Go to ICML 2025 Conference homepageDistillation of Discrete Diffusion through Dimensional Correlations
TL;DR: We conduct theoretical analysis of current discrete diffusion models and propose a method to effectively capture element-wise dependency that is ignored in conventional models.
Abstract: Diffusion models have demonstrated exceptional performances in various fields of generative modeling, but suffer from slow sampling speed due to their iterative nature. While this issue is being addressed in continuous domains, discrete diffusion models face unique challenges, particularly in capturing dependencies between elements (e.g., pixel relationships in image, sequential dependencies in language) mainly due to the computational cost of processing high-dimensional joint distributions. In this paper, (i) we propose "mixture" models for discrete diffusion that are capable of treating dimensional correlations while remaining scalable, and (ii) we provide a set of loss functions for distilling the iterations of existing models. Two primary theoretical insights underpin our approach: First, conventional models with element-wise independence can well approximate the data distribution, but essentially require *many sampling steps*. Second, our loss functions enable the mixture models to distill such many-step conventional models into just a few steps by learning the dimensional correlations. Our experimental results show the effectiveness of the proposed method in distilling pretrained discrete diffusion models across image and language domains.
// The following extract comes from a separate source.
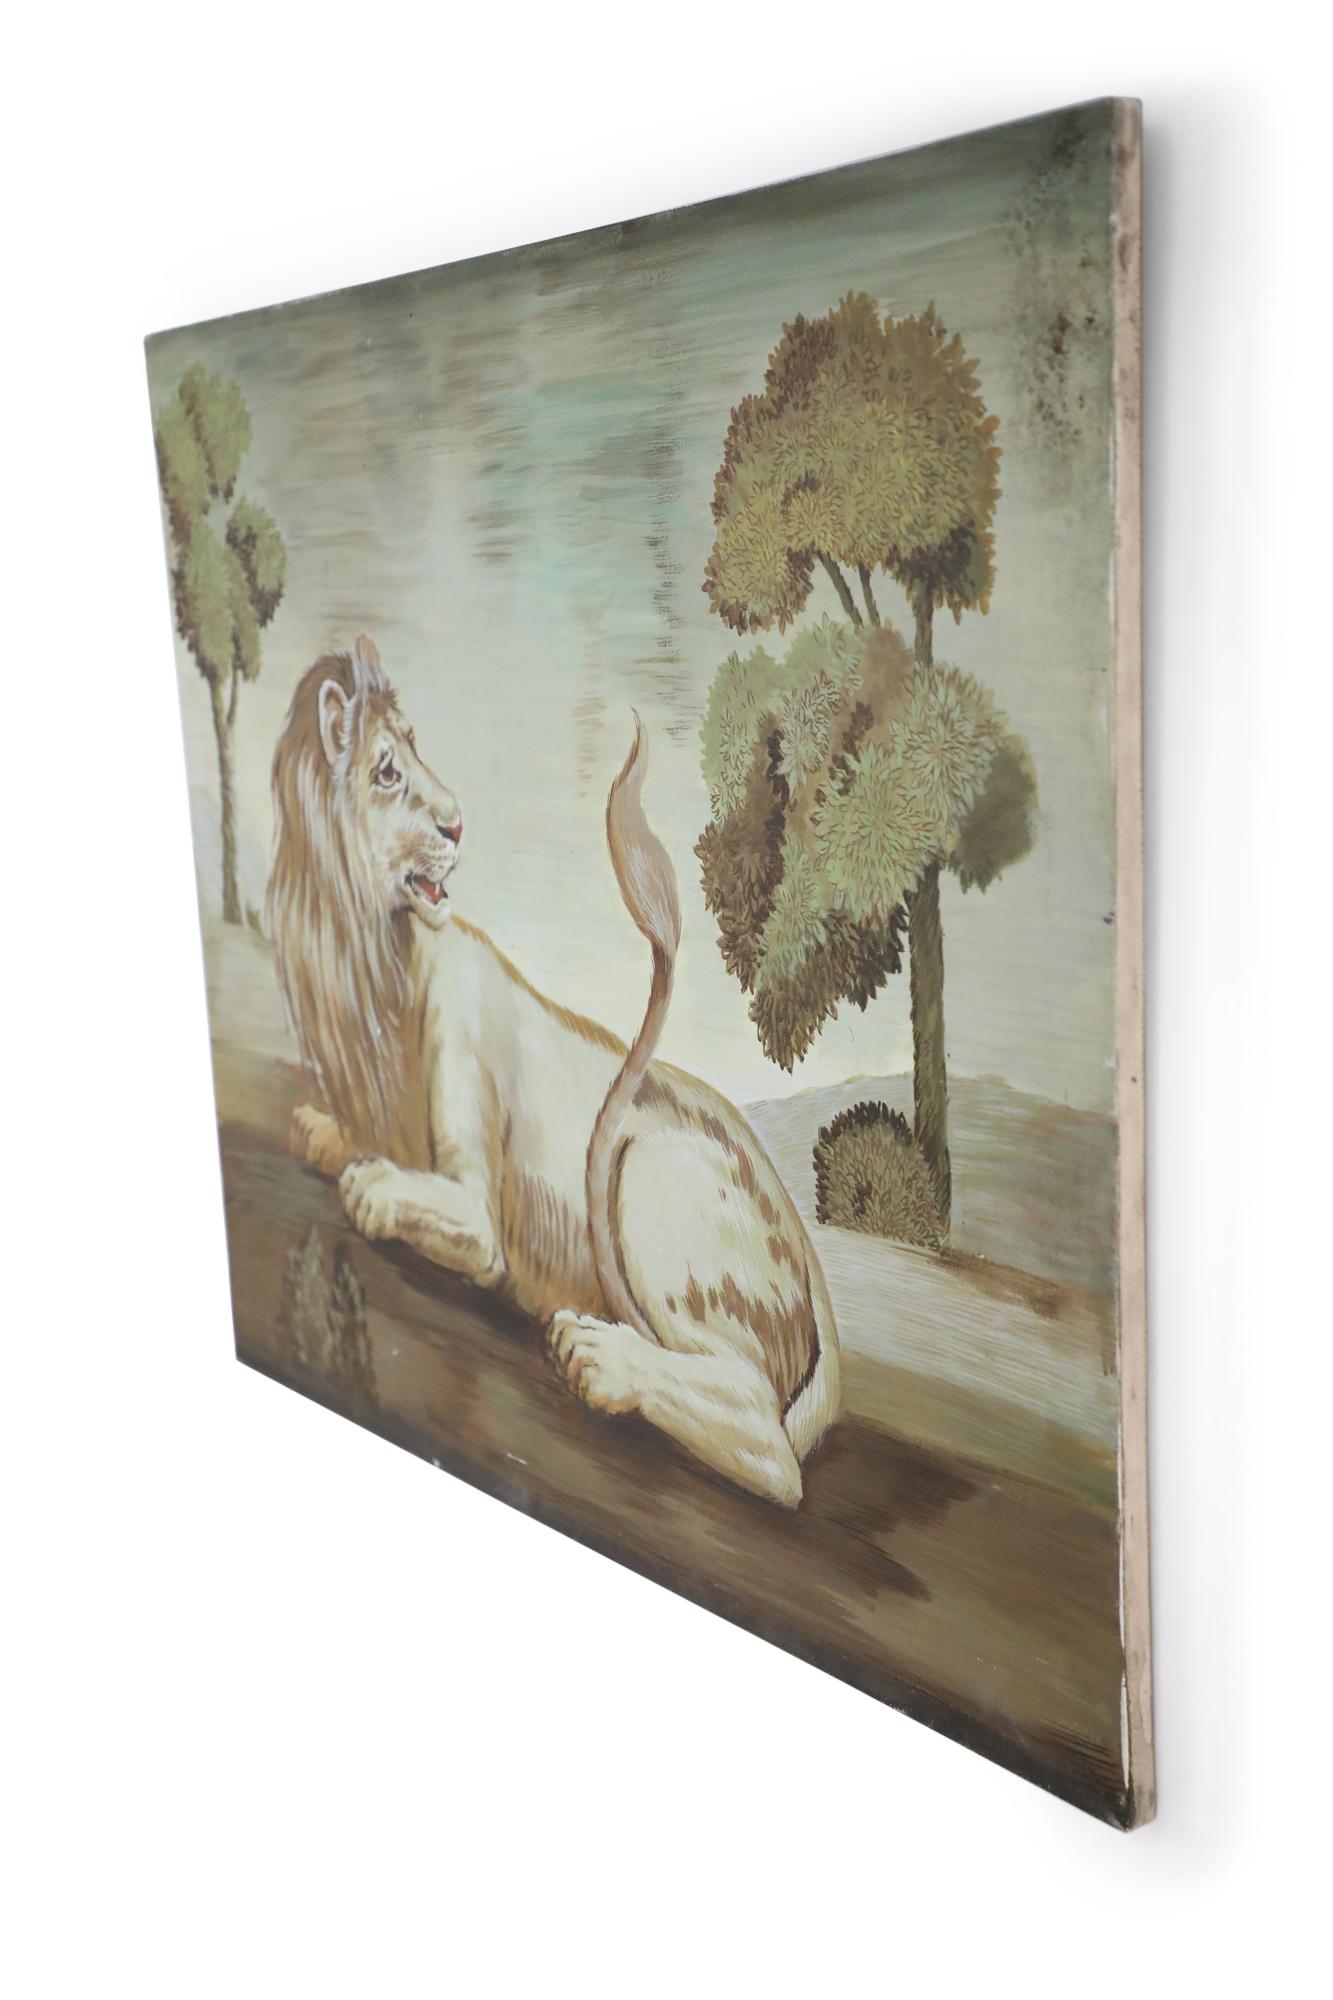 Portrait vintage (20e siècle) d'un lion couché et regardant sa queue dans un champ peuplé d'arbres luxuriants, peint dans une palette sourde de verts et de bruns sur une toile rectangulaire non encadrée.
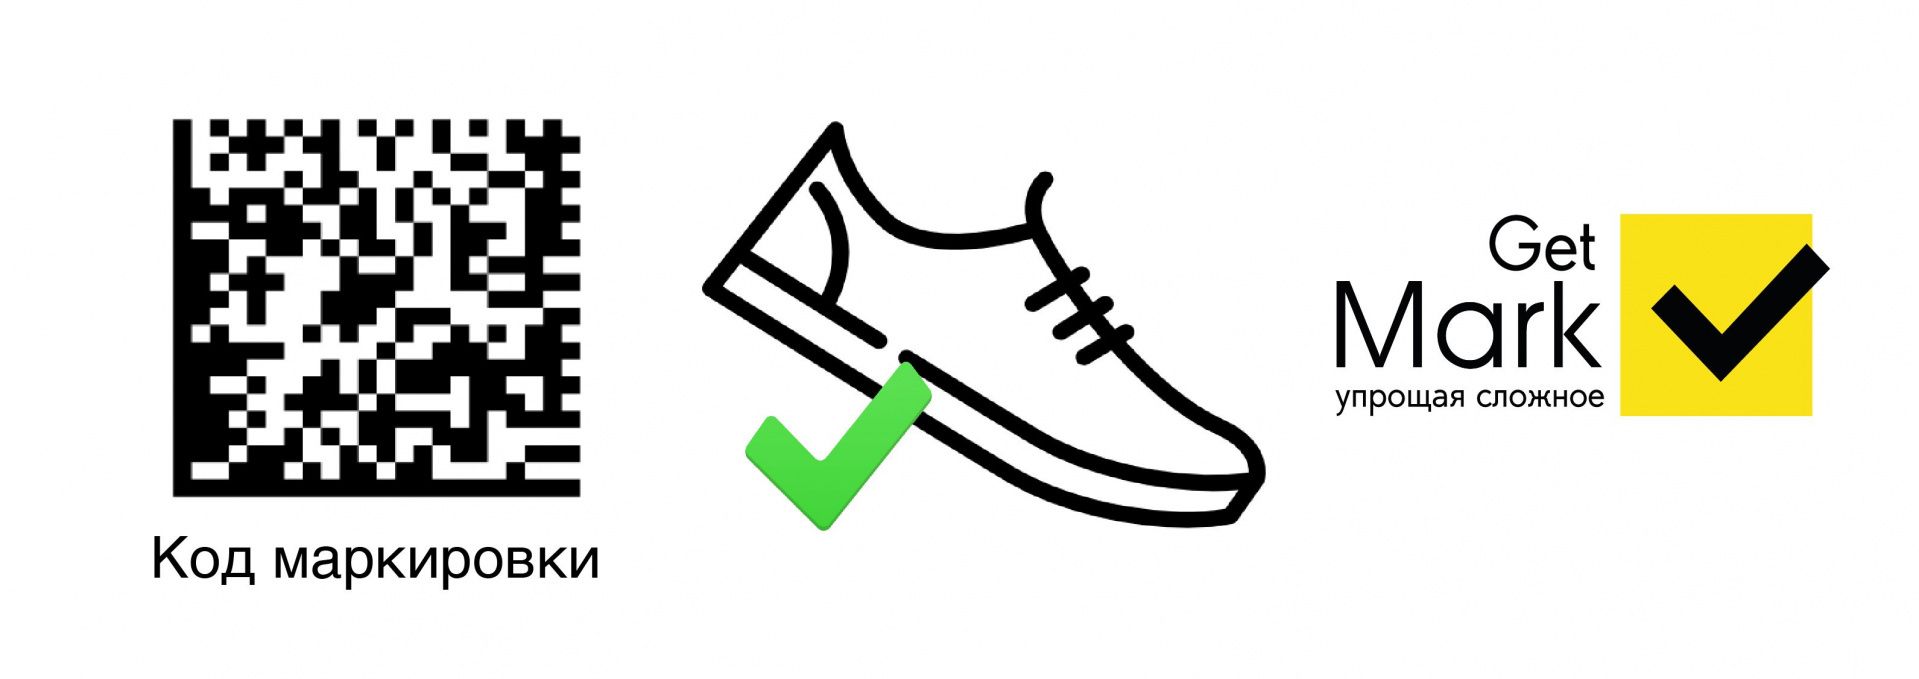 Как правильно маркировать обувь

The code used in the paper is available at https://github.com/sony/di4c.
Lay Summary: Many modern machine learning systems generate images or text by slowly refining a noisy input over many small steps. However, this slow process makes it difficult to use these models in real-time applications. Moreover, many existing methods ignore the natural dependencies among parts of the data (for example, relationships between neighboring image pixels), which becomes a bigger issue when fewer sampling steps are used.
We introduce a new method called Di4C that “distills” a well-trained but slow diffusion model into a faster version in discrete domains. By using a mixture model, Di4C captures the hidden relationships (or correlations) between different parts of the data, and a specially designed loss function teaches the fast model to closely mimic the original, multi-step process even when using just a few steps.
This work allows for much quicker generation of high-quality images and language, making advanced machine learning tools more practical and accessible for real-world applications.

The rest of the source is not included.